Records drawn from a dataset:
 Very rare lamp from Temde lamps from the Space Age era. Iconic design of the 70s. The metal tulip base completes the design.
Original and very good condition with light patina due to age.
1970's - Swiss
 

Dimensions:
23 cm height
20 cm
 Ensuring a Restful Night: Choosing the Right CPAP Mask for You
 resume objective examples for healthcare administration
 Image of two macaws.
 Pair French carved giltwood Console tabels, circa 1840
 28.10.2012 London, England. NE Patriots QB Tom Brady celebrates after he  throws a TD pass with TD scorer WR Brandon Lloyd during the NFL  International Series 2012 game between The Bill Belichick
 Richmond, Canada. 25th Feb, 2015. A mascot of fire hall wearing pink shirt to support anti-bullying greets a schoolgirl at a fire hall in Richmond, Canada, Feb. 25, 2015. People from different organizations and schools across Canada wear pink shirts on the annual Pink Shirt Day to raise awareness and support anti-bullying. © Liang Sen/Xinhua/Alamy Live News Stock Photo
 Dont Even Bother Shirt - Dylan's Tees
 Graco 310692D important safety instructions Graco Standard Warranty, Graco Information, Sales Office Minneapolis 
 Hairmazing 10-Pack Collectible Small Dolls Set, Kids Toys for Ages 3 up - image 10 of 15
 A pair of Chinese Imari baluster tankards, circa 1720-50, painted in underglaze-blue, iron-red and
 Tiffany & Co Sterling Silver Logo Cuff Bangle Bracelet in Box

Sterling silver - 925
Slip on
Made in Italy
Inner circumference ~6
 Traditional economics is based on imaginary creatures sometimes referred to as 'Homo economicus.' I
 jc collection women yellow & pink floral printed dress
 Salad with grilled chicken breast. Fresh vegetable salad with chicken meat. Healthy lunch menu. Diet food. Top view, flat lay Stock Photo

Problem details:
Print exactly, and only, the lines running from the one that contains "Sterling silver - 925" to the last line of the records above.

Exercise output:
Sterling silver - 925
Slip on
Made in Italy
Inner circumference ~6
 Traditional economics is based on imaginary creatures sometimes referred to as 'Homo economicus.' I
 jc collection women yellow & pink floral printed dress
 Salad with grilled chicken breast. Fresh vegetable salad with chicken meat. Healthy lunch menu. Diet food. Top view, flat lay Stock Photo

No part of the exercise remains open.